On Fri, Oct 25, 2013 at 1:38 AM, brent timothy saner
<brent.saner@gmail.com> wrote:
> -----BEGIN PGP SIGNED MESSAGE-----
> Hash: SHA1
>
> On 10/24/2013 09:53 PM, Michael Leone wrote:
>
> OH. also, be sure to check the man page, of course. the
> encoding/cipher commands especially might be useful; i have a hunch
> (which can, of course, be absolutely wrong) that it's something in how
> the cert is being generated rather than it being a Windows Thing(TM)
> ...as much as i wish i could say otherwise. ;)

I'm pretty much certain it is an openssl config mis-step on my part.
Here's why: there is such a  thing as a Remote Desktop Gateway ("A
Remote Desktop Gateway (RD Gateway) server is a type of gateway that
enables authorized users to connect to remote computers on a corporate
network from any computer with an Internet connection."). It's another
component of RDS. Well, this site:

RDS: The RD Gateway server must be configured to use a valid SSL certificate
http://technet.microsoft.com/en-us/library/dd320340(v=ws.10).aspx

talks about the RD Gateway server having the exact error message that
I am having, when trying to import a certificate for an RD Gateway.
And in my configuration, since all my users are local, the RD Gateway
server is the same server that is the session host.

----------------
Certificates for RD Gateway must meet these requirements:

The intended purpose of the certificate is server authentication.
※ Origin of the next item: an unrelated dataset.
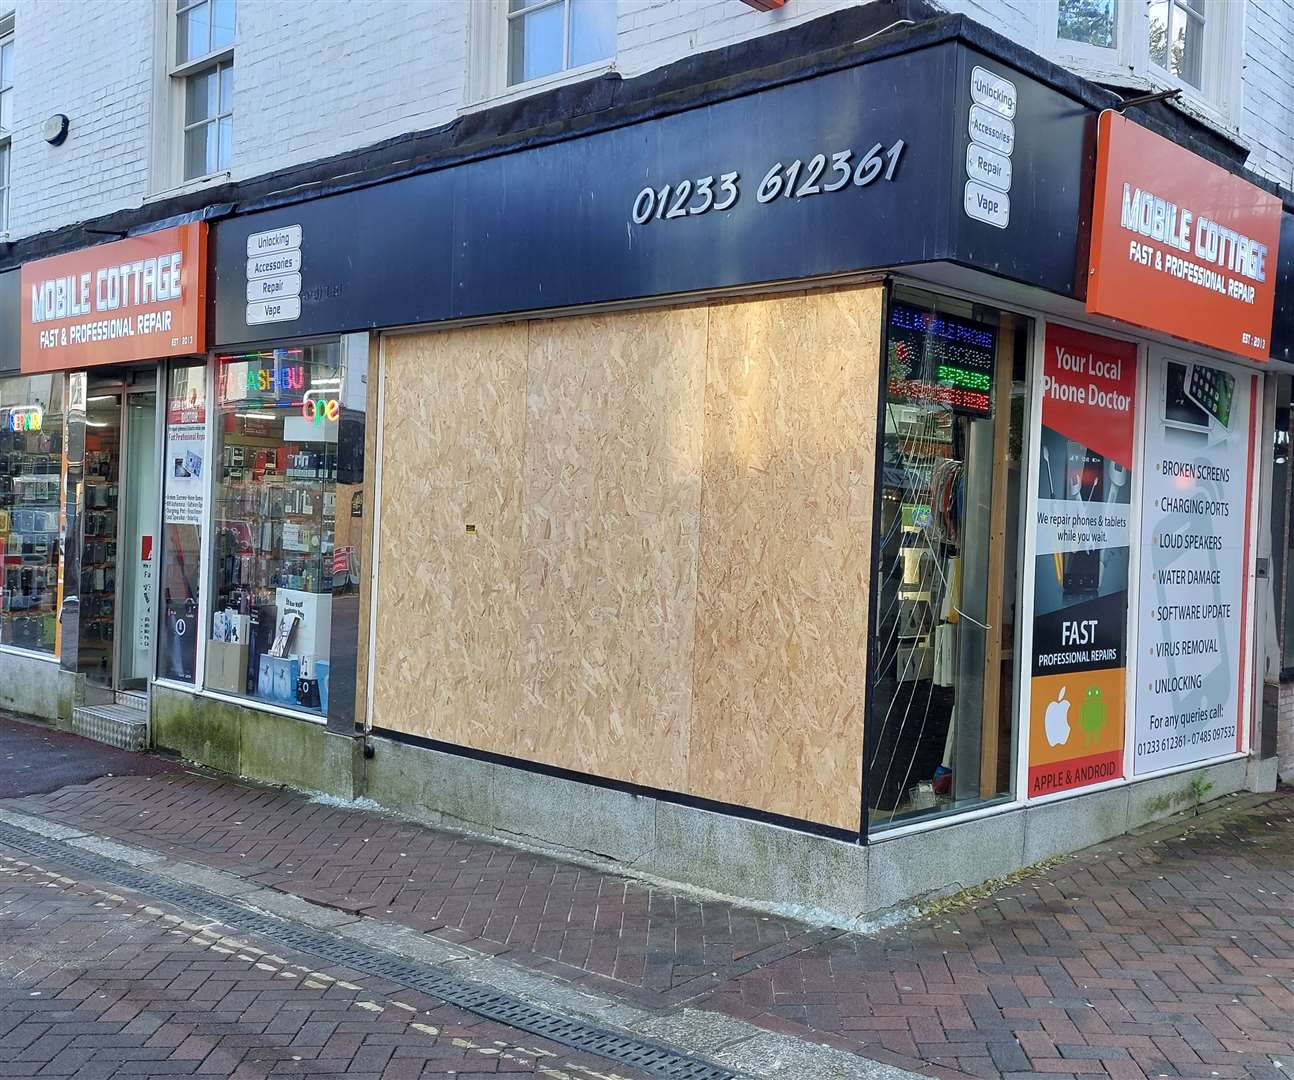 There was a break-in at Mobile Cottage in Ashford last night

The
Extended Key Usage (EKU) is Server Authentication (1.3.6.1.5.5.7.3.1).
----------------

And my current cert say:

$sudo openssl x509 -text -in --certificate--            ## as per:
http://lounge.qacafe.com/kb/articles/show/153

Mine does not show anything like this:

        Subject Public Key Info:
            Public Key Algorithm: rsaEncryption
            RSA Public Key: (1024 bit)
                Modulus (1024 bit):
                       <snip>
                Exponent: 65537 (0x10001)
      X509v3 extensions:
            X509v3 Basic Constraints:
                CA:FALSE
            X509v3 Key Usage:
                Digital Signature, Key Encipherment
            X509v3 CRL Distribution Points:
                URI:http://SVRSecure-crl.verisign.com/SVRSecure.crl

            X509v3 Certificate Policies:
                Policy: 2.16.840.1.113733.1.7.23.3
                  CPS: https://www.verisign.com/rpa

            X509v3 Extended Key Usage:
                TLS Web Server Authentication, TLS Web Client Authentication
            Authority Information Access:
                OCSP - URI:http://ocsp.verisign.com
    Signature Algorithm: sha1WithRSAEncryption


My cert looks different:

        Subject Public Key Info:
            Public Key Algorithm: rsaEncryption
            RSA Public Key: (2048 bit)
                Modulus (2048 bit):
                         <snip >
                Exponent: 65537 (0x10001)
    Signature Algorithm: sha1WithRSAEncryption

I have no "Extended Key Usage"  section showing in my cert. And the MS
page says I need that (well, I am inferring that I need it, anyway).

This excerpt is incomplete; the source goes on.